Unnamed: 0,area,bathrooms,y1,y2
0,2104.0,3.0,1,0
1,1600.0,3.0,1,0
2,2400.0,3.0,1,0
3,1416.0,2.0,0,1
4,3000.0,4.0,0,1
5,1985.0,4.0,1,0
6,1534.0,3.0,0,1
7,1427.0,3.0,1,0
8,1380.0,3.0,1,0
9,1494.0,3.0,1,0


In [91]:
# step 3: prepare data for Tensorflow
# this means we need to make tensors

#input
inputX = data.loc[:, ['area', 'bathrooms']].as_matrix()
print('inputX shape: ', inputX.shape)

# labels
inputY = data.loc[:, ['y1', 'y2']].as_matrix()
print('inputY shape: ', inputY.shape)

inputX shape:  (10, 2)
inputY shape:  (10, 2)


In [86]:
inputX

array([[  2.10400000e+03,   3.00000000e+00],
       [  1.60000000e+03,   3.00000000e+00],
       [  2.40000000e+03,   3.00000000e+00],
       [  1.41600000e+03,   2.00000000e+00],
       [  3.00000000e+03,   4.00000000e+00],
       [  1.98500000e+03,   4.00000000e+00],
       [  1.53400000e+03,   3.00000000e+00],
       [  1.42700000e+03,   3.00000000e+00],
       [  1.38000000e+03,   3.00000000e+00],
       [  1.49400000e+03,   3.00000000e+00]])

In [92]:
inputY

array([[1, 0],
       [1, 0],
       [1, 0],
       [0, 1],
       [0, 1],
       [1, 0],
       [0, 1],
       [1, 0],
       [1, 0],
       [1, 0]])

In [93]:
# step 4: hyperparameters
learning_rate = 0.000001
epochs = 2000
display_every = 50
n_samples = inputY.size
n_features = inputX.shape[1]
n_outputs = inputY.shape[1]

In [94]:
# step 5: define network graph

# input feature tensor, None = any number of examples
# 2 is number of features
x = tf.placeholder(tf.float32, [None, n_features])

# weights
# 2x2 float matrix, 2 because number of features
W = tf.Variable(tf.zeros([n_features,n_features]))
tf.zeros

# bias
b = tf.Variable(tf.zeros([n_features]))

# forward pass
y = tf.add(tf.matmul(x, W), b)

# activation: softmax 
# softmax converts output to a probability
y = tf.nn.softmax(y)

# labels, needed for training loss
y_target = tf.placeholder(tf.float32, [None, n_outputs])

In [95]:
# step 6: training

# MSE cost function
cost = tf.reduce_sum(tf.pow(y_target - y, 2) / (2 * n_samples))

# gradient descent
optimizer = tf.train.GradientDescentOptimizer(learning_rate).minimize(cost)

In [96]:
# step 7: initialize session
init = tf.global_variables_initializer()
sess = tf.Session()
sess.run(init)

In [97]:
# step 8: define training loop

for i in range(epochs):
    sess.run(optimizer, feed_dict={x: inputX, y_target: inputY})
    
    # progress of training
    if (i % display_every) == 0:
        cc = sess.run(cost, feed_dict={x: inputX, y_target: inputY})
        print('epoch: ', i, ', cost: ', "{:.9f}".format(cc))
        
print('training complete')
training_cost = sess.run(cost, feed_dict={x: inputX, y_target: inputY})
print('training cost: ', training_cost, ', W: ', sess.run(W), ', b: ', sess.run(b))

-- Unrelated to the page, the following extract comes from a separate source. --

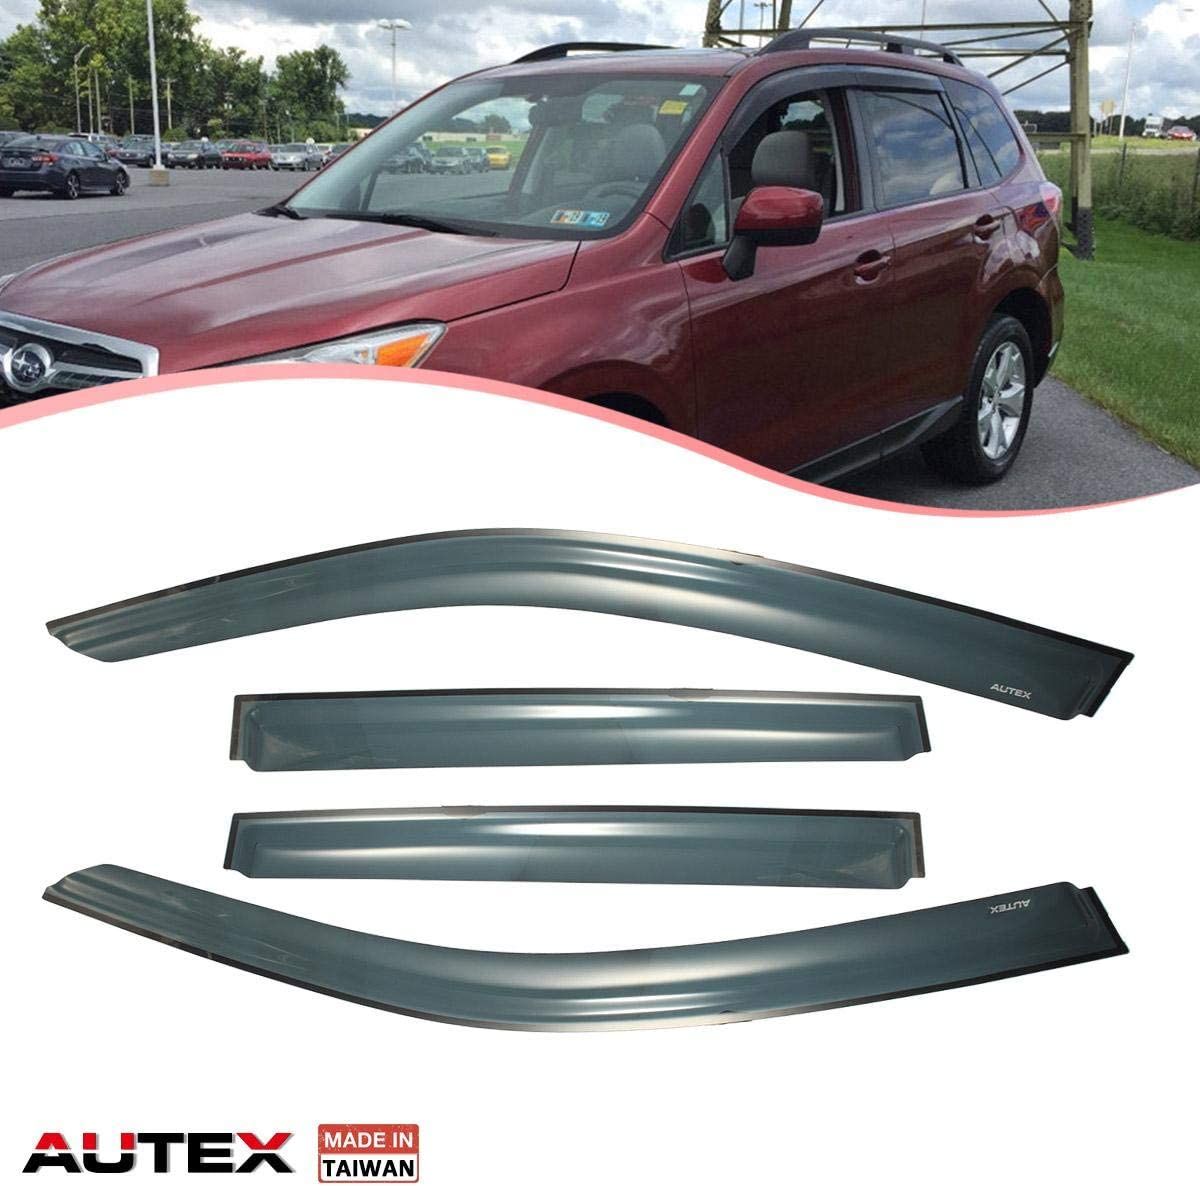 4-Piece Set for 2014-2018 Subaru Forester Auto Ventshade 194375 In-Channel Ventvisor Side Window Deflector

epoch:  0 , cost:  0.114958666
epoch:  50 , cost:  0.109539941
epoch:  100 , cost:  0.109539881
epoch:  150 , cost:  0.109539807
epoch:  200 , cost:  0.109539732
epoch:  250 , cost:  0.109539673
epoch:  300 , cost:  0.109539606
epoch:  350 , cost:  0.109539539
epoch:  400 , cost:  0.109539472
epoch:  450 , cost:  0.109539405
epoch:  500 , cost:  0.109539330
epoch:  550 , cost:  0.109539263
epoch:  600 , cost:  0.109539196
epoch:  650 , cost:  0.109539129
epoch:  700 , cost:  0.109539062
epoch:  750 , cost:  0.109538995
epoch:  800 , cost:  0.109538920
epoch:  850 , cost:  0.109538853
epoch:  900 , cost:  0.109538779
epoch:  950 , cost:  0.109538719
epoch:  1000 , cost:  0.109538652
epoch:  1050 , cost:  0.109538570
epoch:  1100 , cost:  0.109538503
epoch:  1150 , cost:  0.109538451
epoch:  1200 , cost:  0.109538369
epoch:  1250 , cost:  0.109538317
epoch:  1300 , cost:  0.109538242
epoch:  1350 , cost:  0.109538175
epoch:  1400 , cost:  0.109538093
epoch:  1450 , cost:  0.109538034
epo

In [99]:
# looking at probabilitites of predictions
# the softmax converts these from probability to classification label
sess.run(y, feed_dict = {x:inputX})

array([[ 0.71125221,  0.28874779],
       [ 0.66498977,  0.33501023],
       [ 0.73657656,  0.26342347],
       [ 0.64718789,  0.35281211],
       [ 0.78335613,  0.2166439 ],
       [ 0.70069474,  0.29930523],
       [ 0.65866327,  0.34133676],
       [ 0.64828628,  0.35171372],
       [ 0.64368278,  0.35631716],
       [ 0.65480113,  0.3451989 ]], dtype=float32)

The predictions are not so great, so the next step would be to add a hidden layer.